If some calculations need global information, takeover mode is required, for example, Qwen-Image's entity partition control:

```python
class QwenImageUnit_EntityControl(PipelineUnit):
    def __init__(self):
        super().__init__(
            take_over=True,
            input_params=("eligen_entity_prompts", "width", "height", "eligen_enable_on_negative", "cfg_scale"),
            output_params=("entity_prompt_emb", "entity_masks", "entity_prompt_emb_mask"),
            onload_model_names=("text_encoder",)
        )

    def process(self, pipe: QwenImagePipeline, inputs_shared, inputs_posi, inputs_nega):
        # Do something
        return inputs_shared, inputs_posi, inputs_nega
```

The following are the parameter configurations required for Pipeline Unit:

* `seperate_cfg`: Whether to enable CFG separation mode
* `take_over`: Whether to enable takeover mode
* `input_params`: Shared input parameters
* `output_params`: Output parameters
* `input_params_posi`: Positive side input parameters
* `input_params_nega`: Negative side input parameters
* `onload_model_names`: Names of model components to be called

When designing `unit`, please try to follow these principles:

* Default fallback: For optional function `unit` input parameters, the default is `None` rather than `False` or other values. Please provide fallback processing for this default value.
* Parameter triggering: Some Adapter models may not be loaded, such as ControlNet. The corresponding `unit` should control triggering based on whether the parameter input is `None` rather than whether the model is loaded. For example, when the user inputs `controlnet_image` but does not load the ControlNet model, the code should give an error rather than ignore these input parameters and continue execution.
* Simplicity first: Use direct mode as much as possible, only use takeover mode when the function cannot be implemented.
* VRAM efficiency: When calling models in `unit`, please use `pipe.load_models_to_device(self.onload_model_names)` to activate the corresponding models. Do not call other models outside `onload_model_names`. After `unit` calculation is completed, do not manually release VRAM with `pipe.load_models_to_device([])`.
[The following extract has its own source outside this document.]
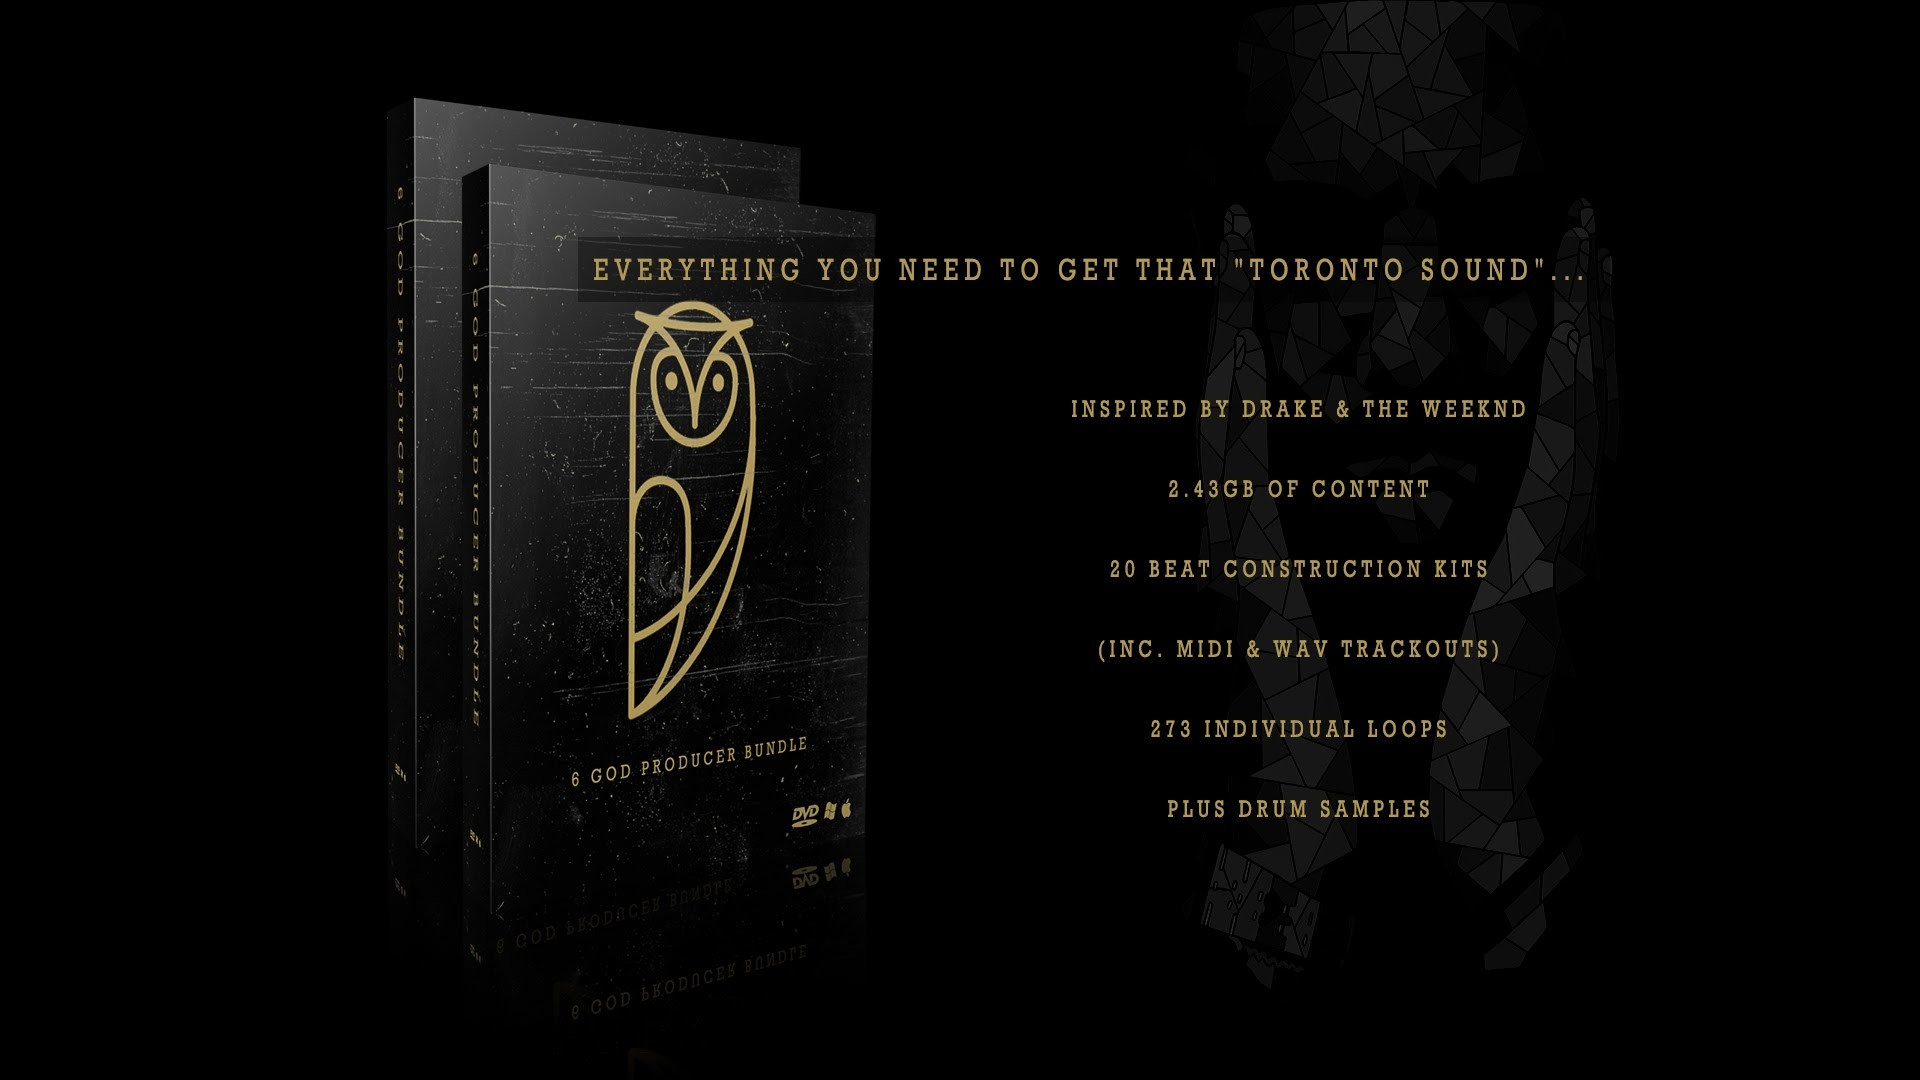 God Producer Bundle (In the style of Drake / Noah 40 Shebib Sample

> Q: Some parameters are not called during the inference process, such as `output_params`. Is it still necessary to configure them?
> 
> A: These parameters will not affect the inference process, but they will affect some experimental features. Therefore, we recommend configuring them properly. For example, "split training" - we can complete the preprocessing offline during training, but some model calculations that require gradient backpropagation cannot be split. These parameters are used to build computational graphs to infer which calculations can be split.

## `model_fn`

`model_fn` is the unified `forward` interface during iteration. For models where the open-source ecosystem is not yet formed, you can directly use the denoising model's `forward`, for example:

```python
def model_fn_new(dit=None, latents=None, timestep=None, prompt_emb=None, **kwargs):
    return dit(latents, prompt_emb, timestep)
```

For models with rich open-source ecosystems, `model_fn` usually contains complex and chaotic cross-model inference. Taking `diffsynth/pipelines/qwen_image.py` as an example, the additional calculations implemented in this function include: entity partition control, three types of ControlNet, Gradient Checkpointing, etc. Developers need to be extra careful when implementing this part to avoid conflicts between module functions.